Widespread Outcry in China Over Death of Coronavirus Doctor

The doctor, Li Wenliang, had been silenced by the police after warning about the new coronavirus that has killed hundreds in China and sickened thousands.

A memorial for Dr. Li Wenliang at Wuhan City Central Hospital on Friday.Credit...Chris Buckley/The New York Times

They posted videos of the Les Misérables song “Do You Hear the People Sing.” They invoked article No. 35 of China’s Constitution, which stipulates freedom of speech. They tweeted a phrase from “For Whom the Bell Tolls.”

The Chinese public has staged what amounts to an online revolt after the death of a doctor, Li Wenliang, who tried to warn of a mysterious virus that has since killed hundreds of people in China, infected tens of thousands and forced the government to corral many of the country’s 1.4 billion people.

Since late Thursday, people from different backgrounds, including government officials, prominent business figures and ordinary online users, have posted numerous messages expressing their grief for the doctor, who contracted the new coronavirus, and their anger over his silencing by the police after he shared his knowledge about the virus. It has prompted a nationwide soul-searching under an authoritarian government that allows for little dissent.

“I haven’t seen my WeChat timeline filled with so much forlornness and outrage,” Xu Danei, founder of a social media analytics company, wrote on the messaging platform WeChat.

“Tonight is a monumental moment for our collective conscience,” he wrote in a later post.

Though there are some outspoken dissidents in China, their numbers have dwindled as the Communist Party under the leader Xi Jinping has cracked down repeatedly on lawyers, journalists and businesspeople over the past seven years.

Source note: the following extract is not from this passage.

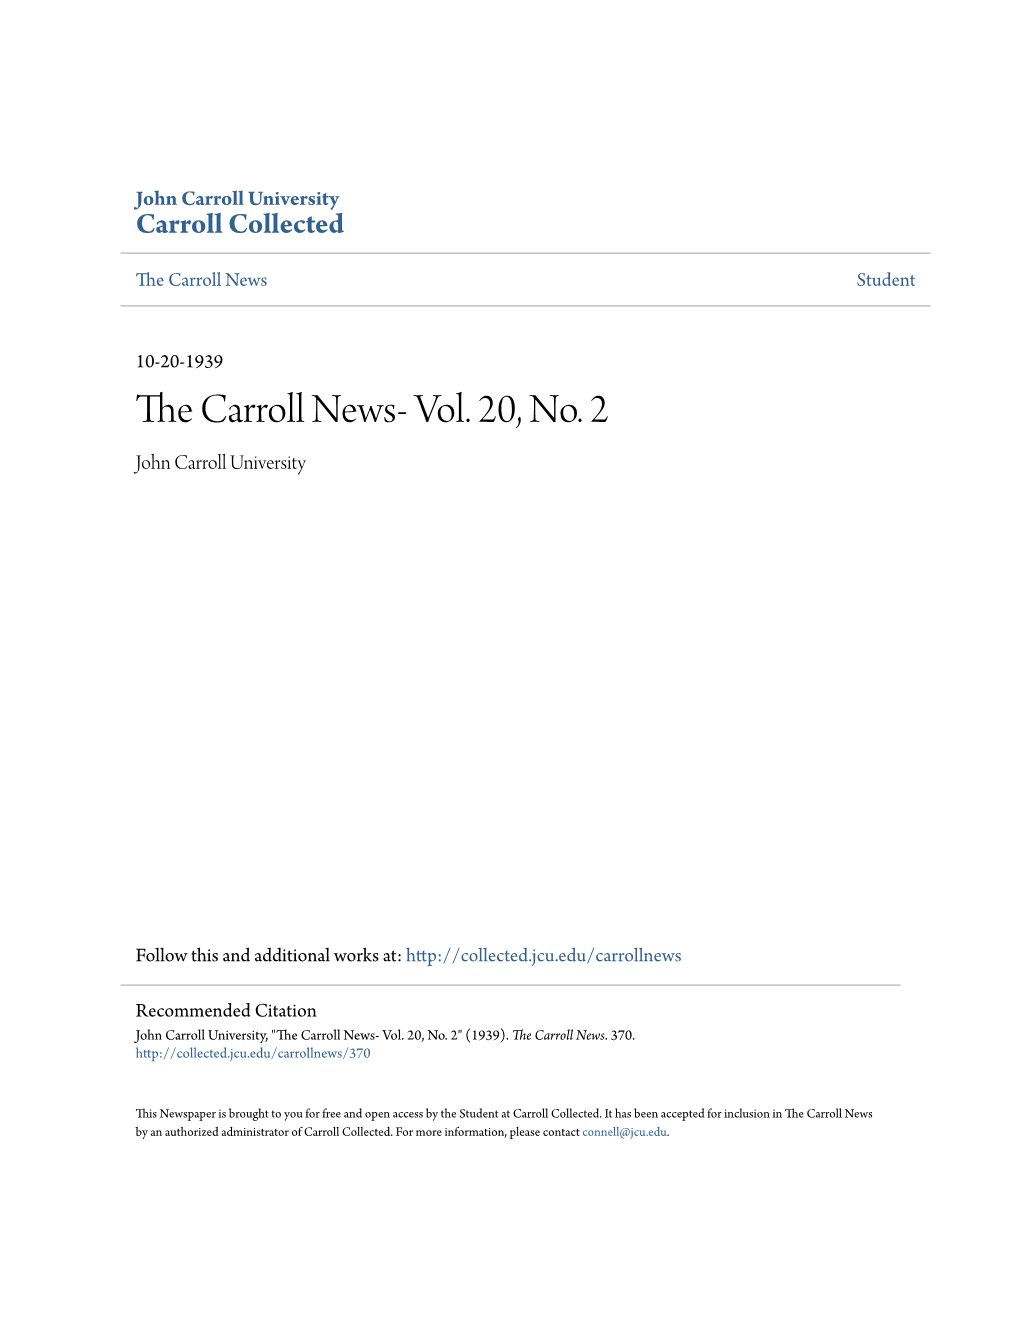 The Carroll News- Vol. 20, No. 2

In this highly censored society, it’s rare for ordinary people to make demands and openly express anger toward the government. It’s even more rare for officials and heads of big corporations to show emotions that can be interpreted as discontent with the state.

After speculation of Dr. Li’s death began swirling online Thursday evening, the Communist Party’s propaganda machine went into full gear, trying to control the message. But it didn’t seem as effective as it had in the past.

The outpouring of messages online from sad, infuriated and grieving people was too much for the censors. The government even seemed to recognize the magnitude of the country’s emotion, dispatching a team to investigate what it called “issues related to Dr. Li Wenliang that were reported by the public,” though without specifics.

For many people in China, the doctor’s death shook loose pent-up anger and frustration at how the government mishandled the situation by not sharing information earlier and by silencing whistle-blowers. It also seemed, to those online, that the government hadn’t learned lessons from previous crises, continuing to quash online criticism and investigative reports that provide vital information.

Some users of Weibo, China’s Twitter-like social media platform, are saying the doctor’s death resonated because he was an ordinary person who was forced to admit to wrongdoing for doing the right thing.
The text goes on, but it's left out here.